Other approach is to mock underlying libraries methods to fool applications under testing into believing that it is getting output from real devices. That approach works very well for unit testing, but fails to simulate such aspects as connection establishment and handling.
SIMNOS positions itself somewhere in the middle between full integration testing and testing that mocks device interactions. SIMNOS allows to create NOS plugins to produce pre-defined output to test applications behavior while running servers to establish connections with.
SIMNOS can:
- Run thousands of servers to stress test applications
- Simulate Network Operating Systems Command Line Interface (CLI) interactions
- Provide high-level API to create custom NOS plugins
- Run in docker container to simplify integration with your infrastructure
- Make use of SIMNOS CLI tool for quick run and prototype simulations
- Works on Windows, Mac and Linux under Python 3.13 and 3.14
Send input and get the output - this is how we interact with many Network Operating Systems, SIMNOS allows to pre-define the output to sent in response to certain input commands, making it ideal for isolated feature testing.

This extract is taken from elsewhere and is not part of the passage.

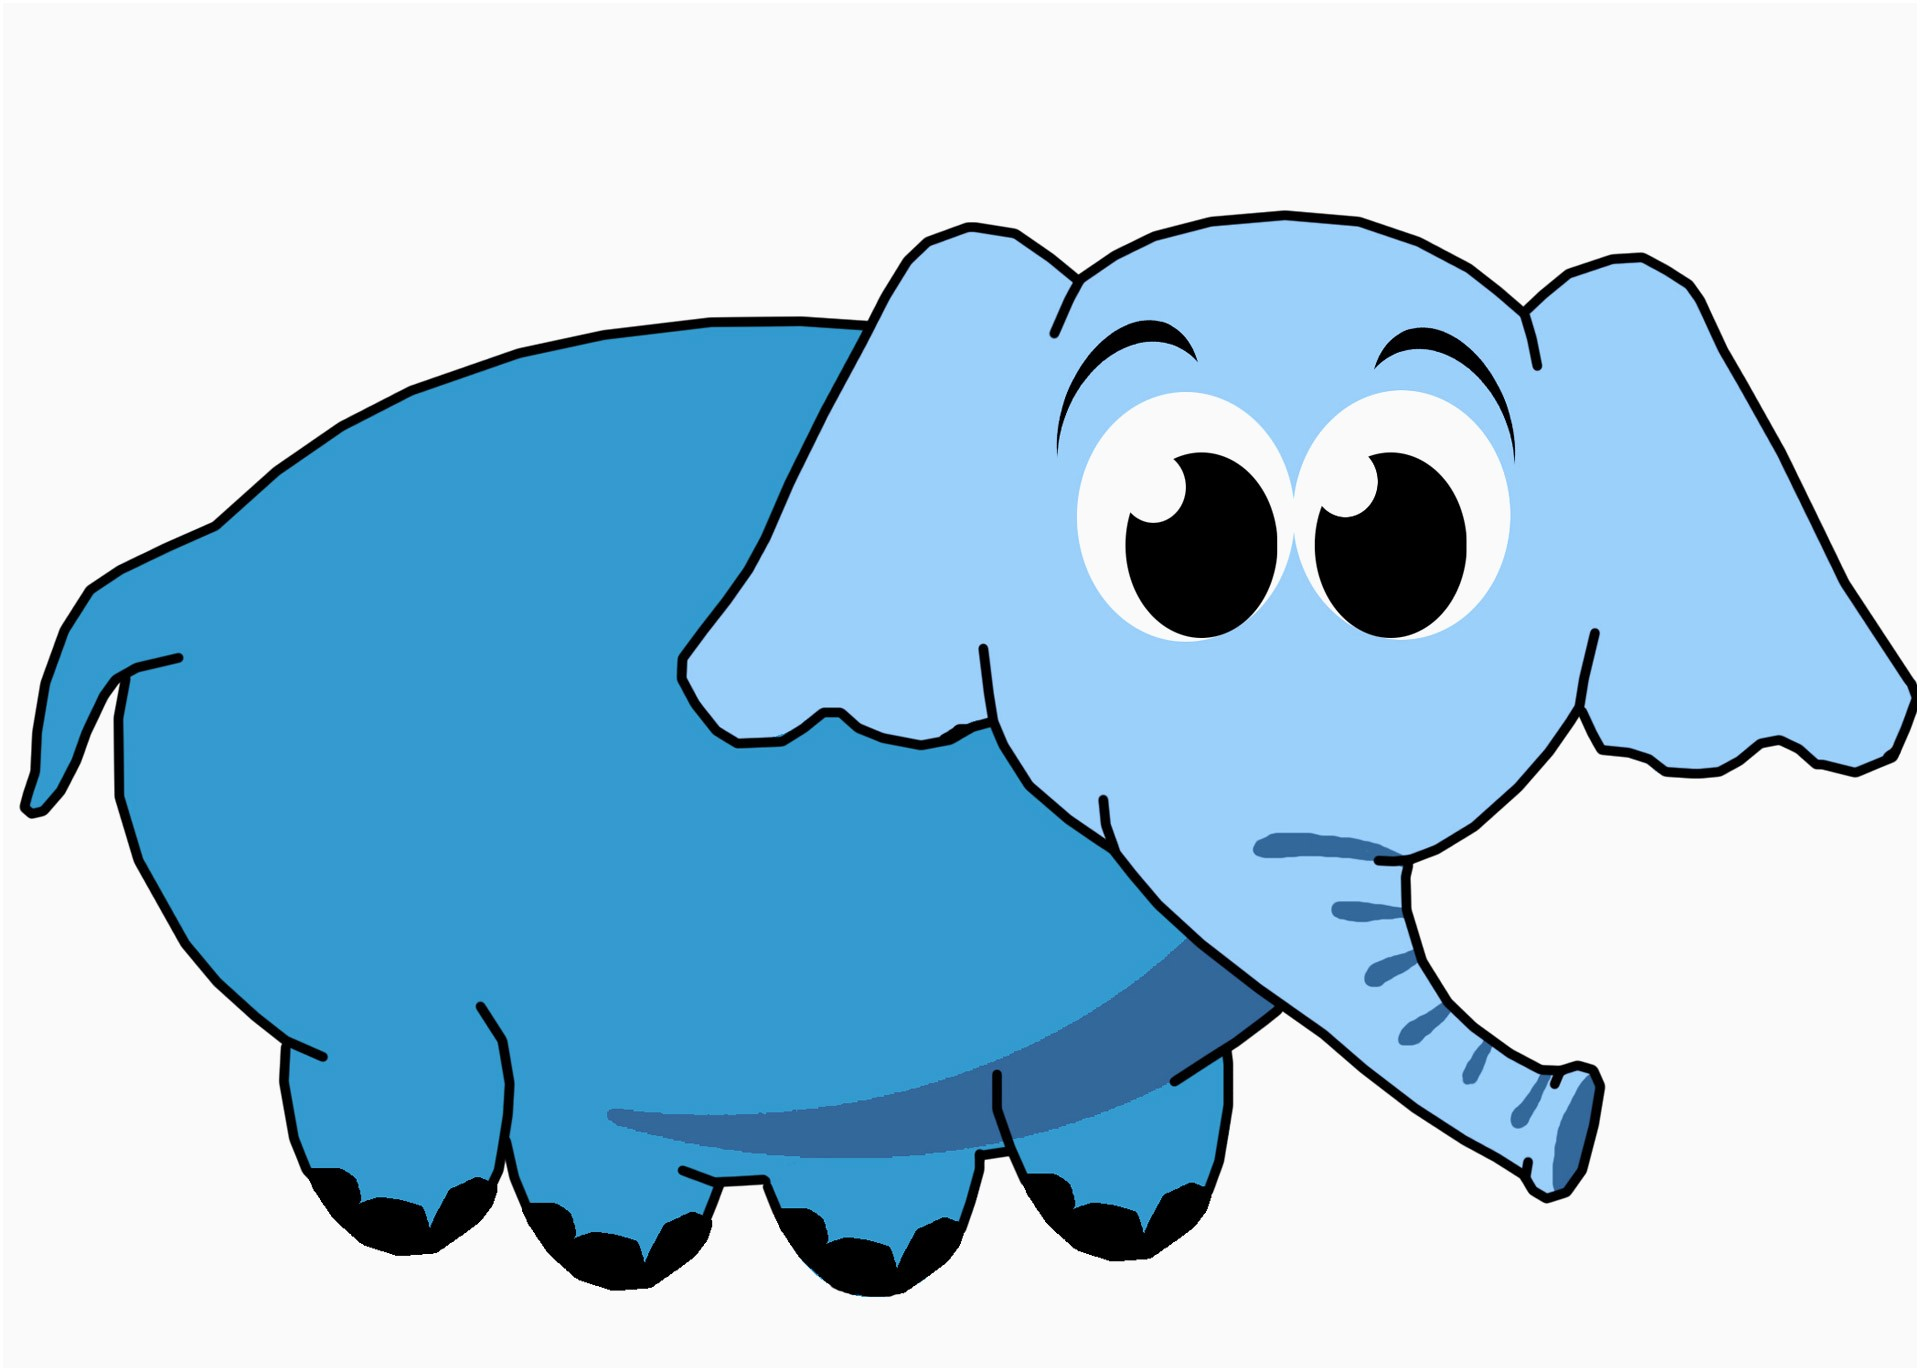 1920x1371 Elephant Clipart Fresh Cute Baby Elephant Cartoon Stock Image

SIMNOS is a micro-kernel framework that can be extended using plugins. The core is kept small and optimized while most of the functionality offloaded to plugins.
SIMNOS has these pluggable systems:
- Server Plugins - plugins responsible for running various servers to connect with
- Shell Plugins - plugins to simulate command line interface shell
- NOS plugins - plugins to simulate Network Operating System commands
SIMNOS is a simulator, it does not emulate any of Network Control, Data or Management planes, it merely takes the commands as input and responds with predefined output.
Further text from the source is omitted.